OK you two, now you've gone and done it. I now have a monero markdown file in my personal notes. I've started putting links in there as I read them. If you see me add an XMR address, you'll know I've successfully got set up and am giving Monero its day in court.
Well, now I'm curious. You've had some time with it apparently. So, what is the judge's verdict from its day in court?
Oh dip, someone found an old post on nostr. Achievement unlocked. I feel like things fly by here so fast and then they hang around but [almost] nobody ever looks at them. Anyway, I got a wallet and put it in my profile and that's it. No tips. Haven't tried to trade anything for XMR. Pretty antitclimatic.
Makes sense. Nostr is pretty lightning dominated right now. Sent you a little something. There's a Nostr client being worked on right now for Monero that is Amethyst-based. Should be out sometime this week based on recent comments. https://bounties.monero.social/posts/94/42-349m-nostr-client-for-monero There's also a prototype web client: https://anarkio.codeberg.page/nostril/#/home/
running cake on calyx. so far so good.
You can install Obtanium from Github and use that to install other packages from Github. https://github.com/ImranR98/Obtainium/releases/tag/v1.0.0
I like Monero, it's good and gives what it promises. But I can't stop thinking it'll be easier to add an extra monero-like-privacy layer to BTC (say, on LN or not) than to move all the credibility and trajectory Bitcoin has to Monero. Take it as an opinion of someone who can only grasp the basics of the tech involved. I know it's way more complicated than what I just said.
makes two of us wont disregard completely yet, but only as a tool and not as savings
It’s not a reasonable end stage privacy tool either. Using it would require an on chain footprint on both Bitcoin and Monero, and monero scales even worse than Bitcoin does. People are free to do whatever they want but if people care about privacy and digital sound money they would understand the importance of a Bitcoin L2 solution.
This is true. Privacy will always be a an arms race. Even offchain methods, like LN, aren't fool-proof. Encrypted data can be actively recorded by adversaries and kept to break in the future. Practically speaking, as long as privacy tech keeps progressing and gives old blockchain data privacy for long enough spans, it doesn't really matter if it can be broken in distant futures as the users will be long gone and the relatively recent data will be on better privacy tech. The differences in scaling capabilities between Monero vs Bitcoin, or even Lightning, look the same from above when we're talking about 10s, 100s of millions or billions of users. None of them can get anywhere close to that. If Bitcoin, in it's greater popularity and userbase, has time to figure it out, then so does Monero even more so. There are solutions available *right now* that would easily scale both like MimbleWimble or DAGs. But that change is very unlikely to happen on Bitcoin...Monero on the other hand is more flexible with changes if/when need be. So it has that advantage.
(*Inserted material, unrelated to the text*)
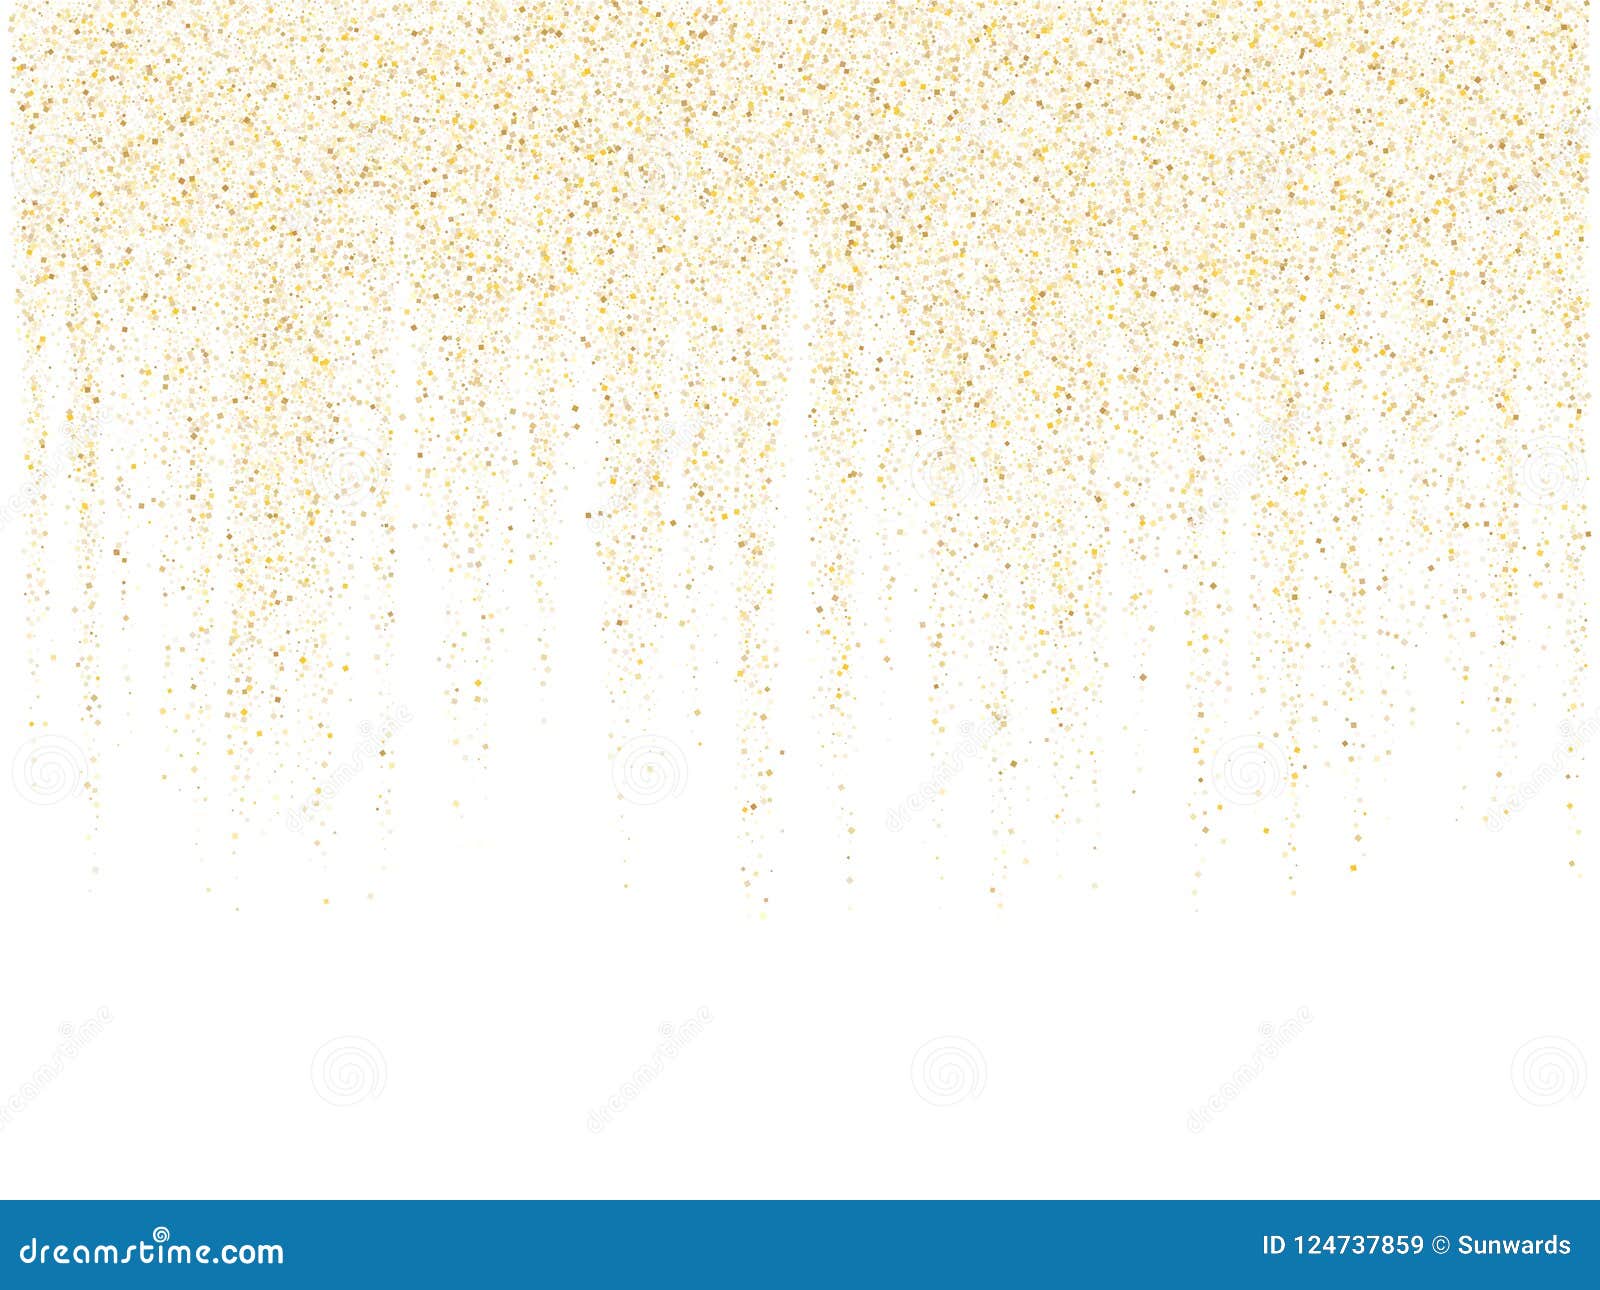 Download Garland Border Gold Glitter Vector Background Illustration Stock Vector Illustration of hanging
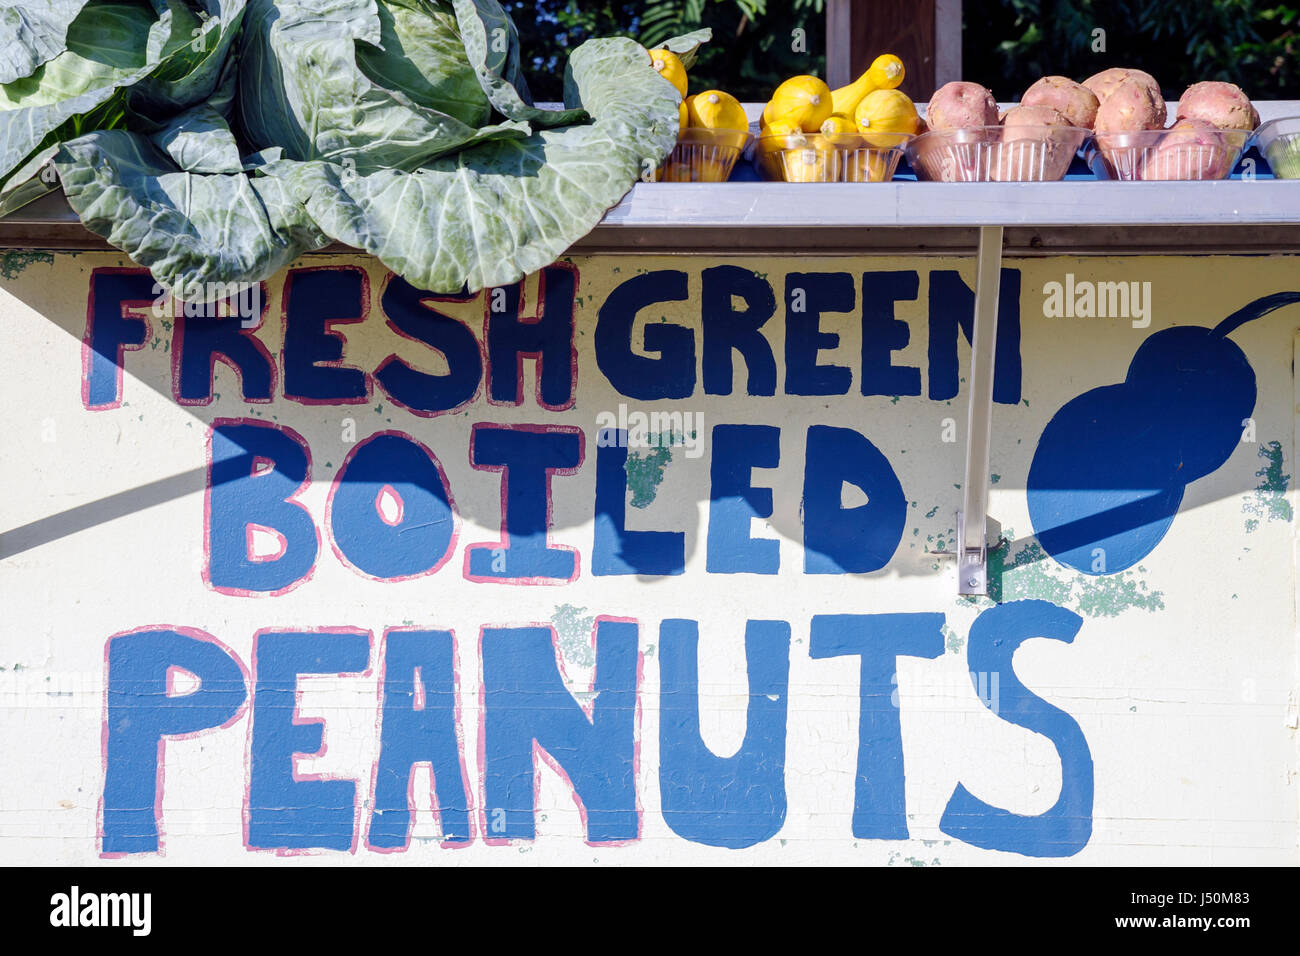 Alabama,Coffee County,Enterprise,Highway 84,roadside produce stand,fresh green boiled peanuts,AL080520042 Stock Photo

All these Bitcoiners seem to think Monero is great too: "Monero is a very good privacy complement to Bitcoin" -Nick Szabo "Maybe you need a Monero" -Michael Saylor "For really strong privacy, Monero is much better" -Andreas Antonopoulos "There's a lot of advantages to using Monero" -Matt Odell "Monero is the only goddamn currency that's used!" -John McAfee "Monero will be a champion in that space and we'll have a Bitcoin-Monero duopoly" -Max Keiser "All fiat systems and all tokens outside of Bitcoin and monero (to my knowledge) have middlemen you cannot get rid of" -Adam Curry "I would say Monero is not a shitcoin. I think it's a very innovative and new research project that works." -Max Hillbrand "Monero; Just use it. Objectively it's better than Bitcoin [for privacy]...it's obvious" -Amir Taaki "Monero is closer to our hearts than whatever Bitcoin is turning into today" -Samourai Wallet "Bitcoin is the reserve currency. Hold it. Privacy coins are transactional privacy. Use them...Monero: getmonero.org" -Balaji "99% of cryptocurrencies are complete and total garbage, but even among the upper echeleon of real ones, Monero is in the top percentile, so it deserves our respect" -Paul Sztorc
Amir Taaki omg i have been searching for his name for a while now to find me an article i wanted to read back, i couldnt remember it THANK YOU
Great cryptographer
I like Monero. Although, not sure how much I trust it since its founder is an FBI asset now.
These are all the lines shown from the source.